21.8. "А все-таки человечество идет вперед, – сказал тесть, глядя на соревнование легкоатлетов по телевизору, – выше прыгает, дальше толкает, быстрей бегает…"
22.8. По русскому ТВ показали фильм Калика "И возвращается ветер…" Воспоминания жанр нелегкий. Все еще сердится, все еще пытается самоутвердиться. Искренность и точность, толкаясь, загоняют в тупик протокольной автобиографии. Тут как тут многозначительность, претензия на эпос. Задушил в себе импрессиониста. А ведь какой хороший фильм был "До свидания, мальчики", ясный, высветленный, с грустным еврейским юмором. Ненавидит Россию и почему-то обижается на попреки "русским салом". Мы в 67-ом тоже любовались фотографиями израильских солдат и мечтали влиться в ряды бойцов. А попали – в торговые. Перес говорит: рынки важнее дивизий. Тесть: "Не могу без нервов читать этого Ури Авнери, ну как это среди нас может быть такого человека…" Старшему внуку: "Ты смотрел вчера фильм о царе Давиде, о его последних днях, интригах во дворе?…"
13.9. Сегодня левые суки подписали смертный приговор государству сионистских завоевателей. Государству магендавидоносцев. У народа открылся активный мирный процесс. Магендавошкес… Жена: "Ты меня за уши оттаскал…" (Анюта называет жир на бабьих ляжках жопкины ушки.)
24.9. Утром, на море, гуляя вдоль берега, обсуждал с М. политику. М. принципиальный "левый", преданный сторонник западного индивидуализма, потребительства и антигероизма. "Могу признаться, что сто, да и пятьдесят лет назад я бы в государство еврейское не поверил". А я, говорю, сейчас не верю. После того, как поближе с евреями познакомился.

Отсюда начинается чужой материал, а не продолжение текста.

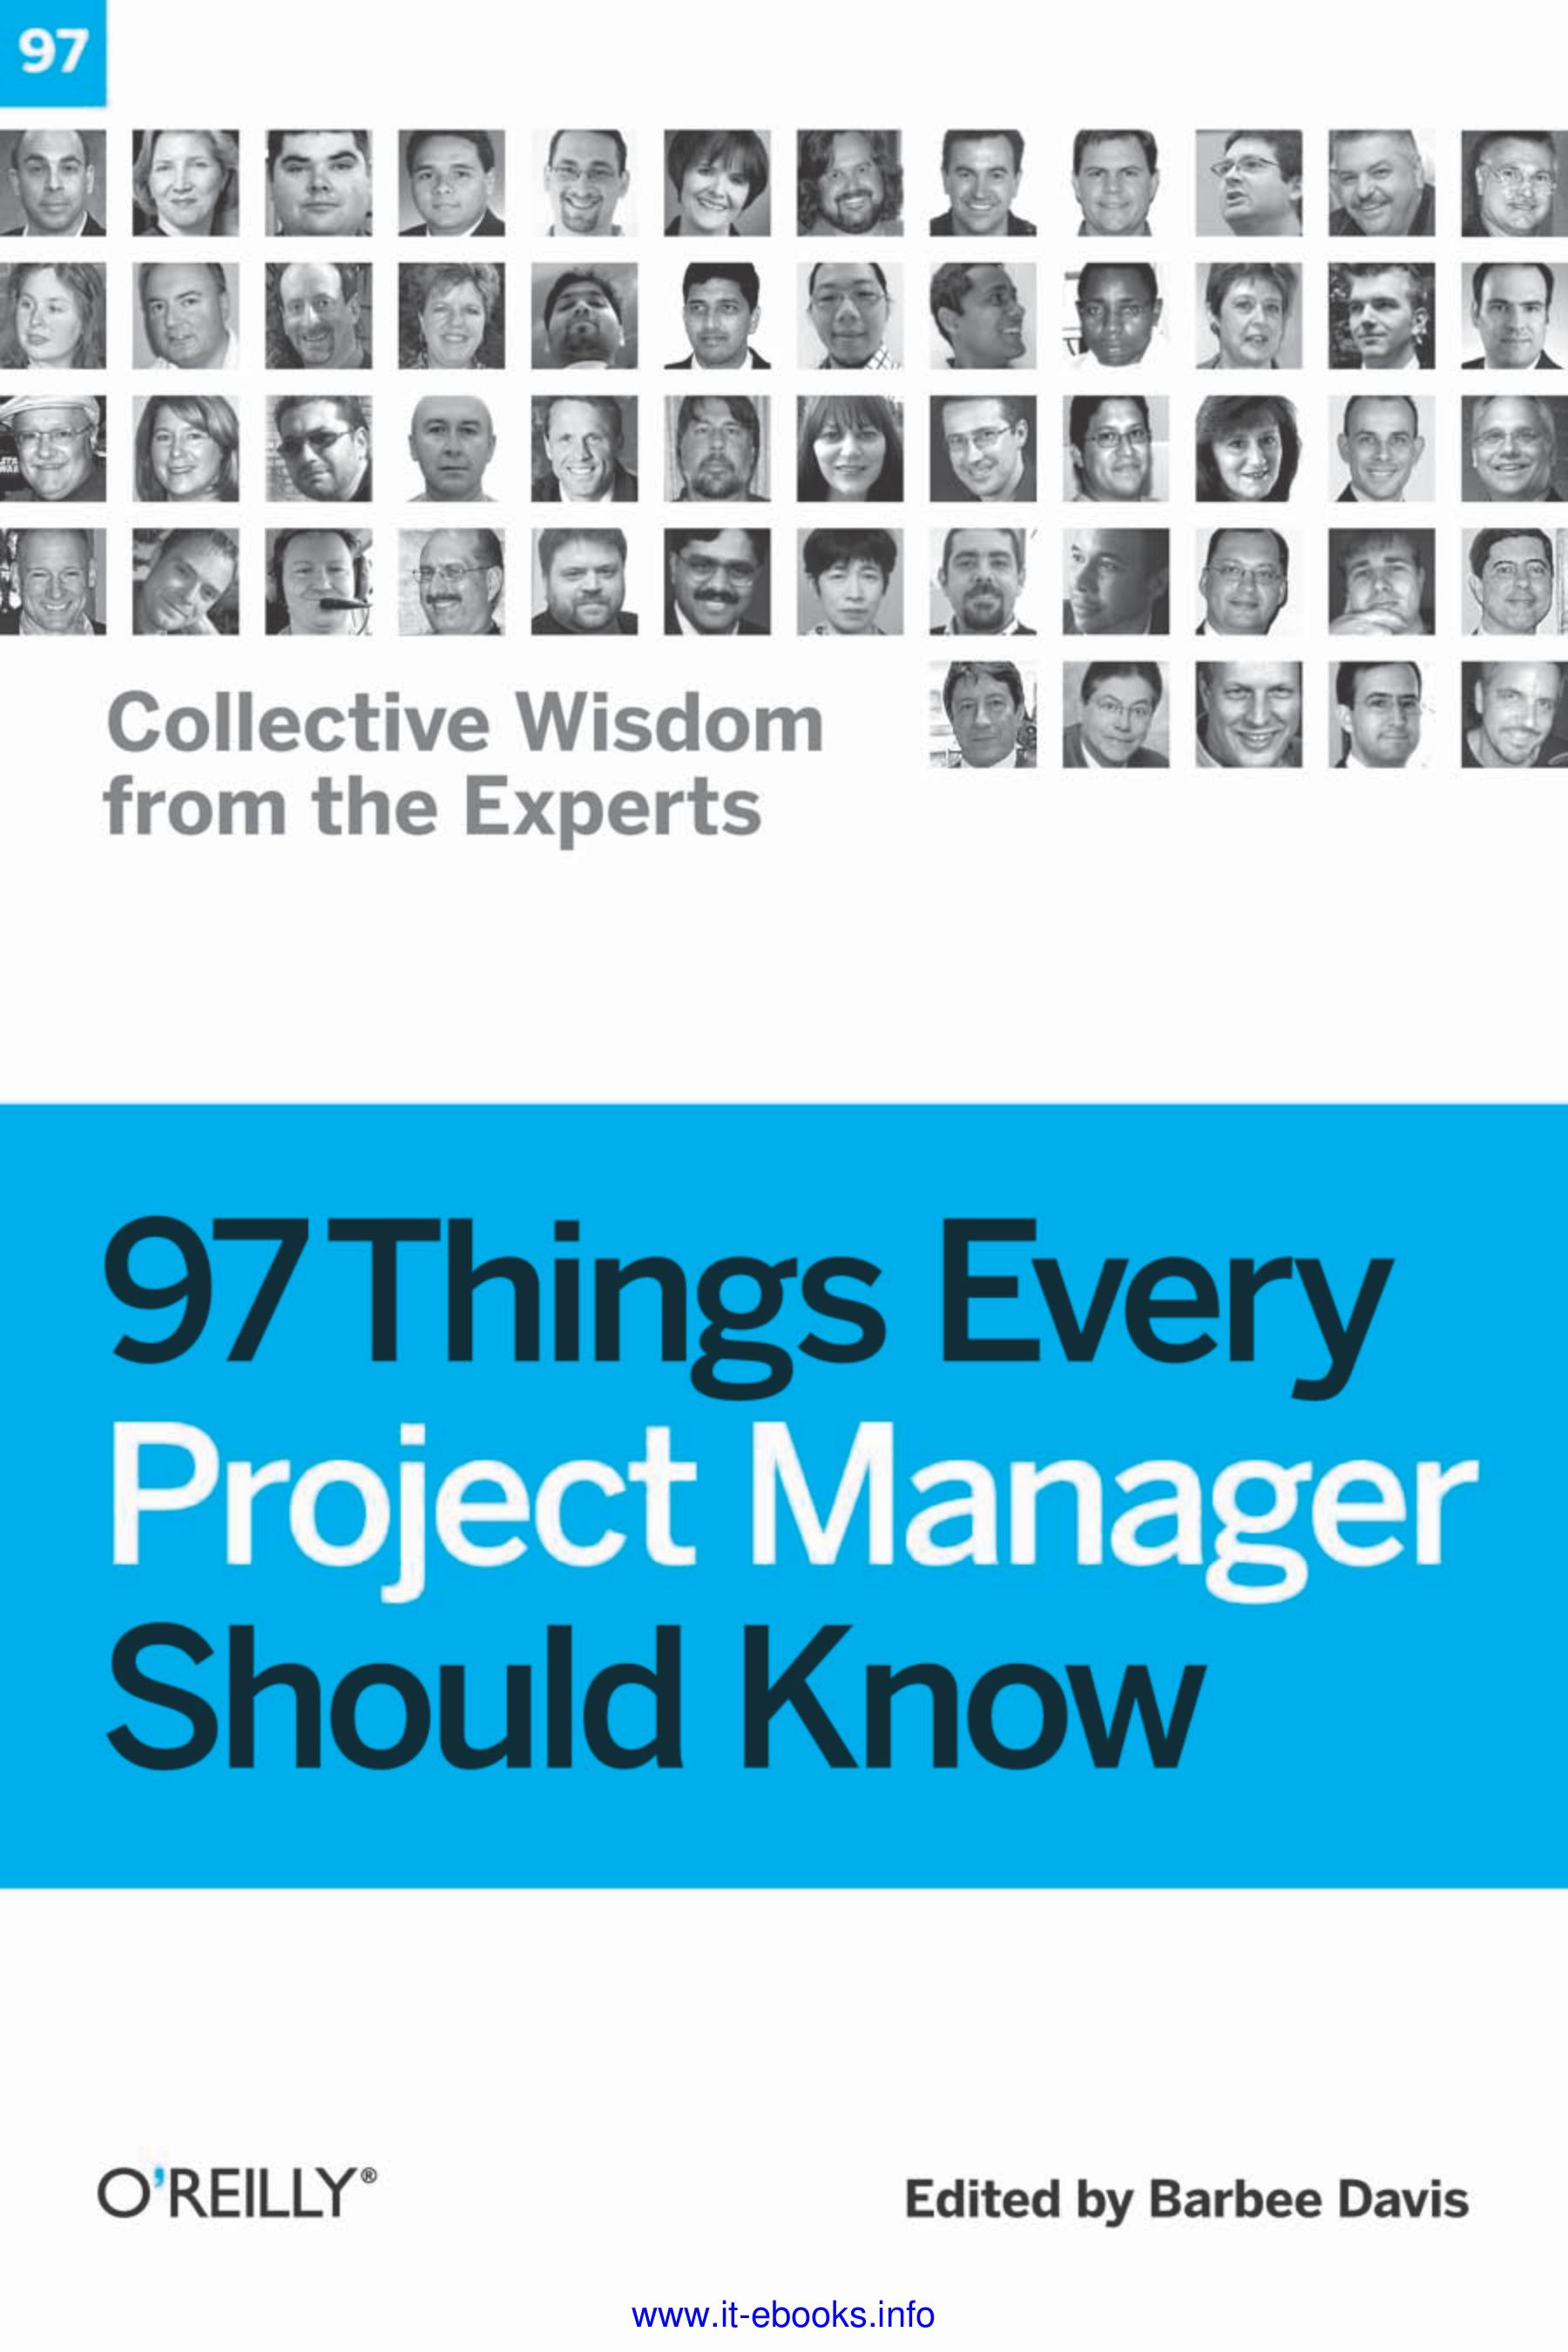 97 Things Every Project Manager Should Know -  Barbee Davis

28.9. Учиться умирать, значит учиться жить, замечает Монтень. Животной тупостью называл стремление не думать о смерти. Размышлял о ней неустанно. "Размышлять о смерти – значит размышлять о свободе". И у меня в последнее время представление о ней уже не сопровождается тем уколом жути, как в юности. Оно стало каким-то обыденным что ли. Только боюсь, что не от презрения к смерти, приобретенного упорным философствованием, а от презрения к жизни. Вернее от детской на нее обиженности, мол, раз ты так…
2.10. Ездили в Вади Кельт. Леня, длинный и сутулый, с седой бородой, историк и писатель, от Иудейской пустыни балдел, а когда очам вдруг явился монастырь в бурых скалах, похожий на ящерицу в расселине, чудо мимикрии, у него вырвалось невольное: "?п!…" А вообще он хмурый, все радио слушает, в Москве опять попахивает Октябрьской. Люблю это восклицание с тех пор как узкобедрая и широкоскулая Танюша (заманил к Вовику "на новые пластинки", Вовик-фарца, обещал на полчаса опоздать), неожиданно легко сдалась, а когда воткнул, выдохнула, будто лопнула: "?птвою мать!" С тех пор у нас не случалось, но комплимент до сих пор греет. А, вот еще вспомнил: когда в первой тоске эмиграции проколол одну старую ершистую поэтессу, она запричитала что-то шепотом-скороговоркой, уловил только: "наконец-то, ептыть, наконец-то…"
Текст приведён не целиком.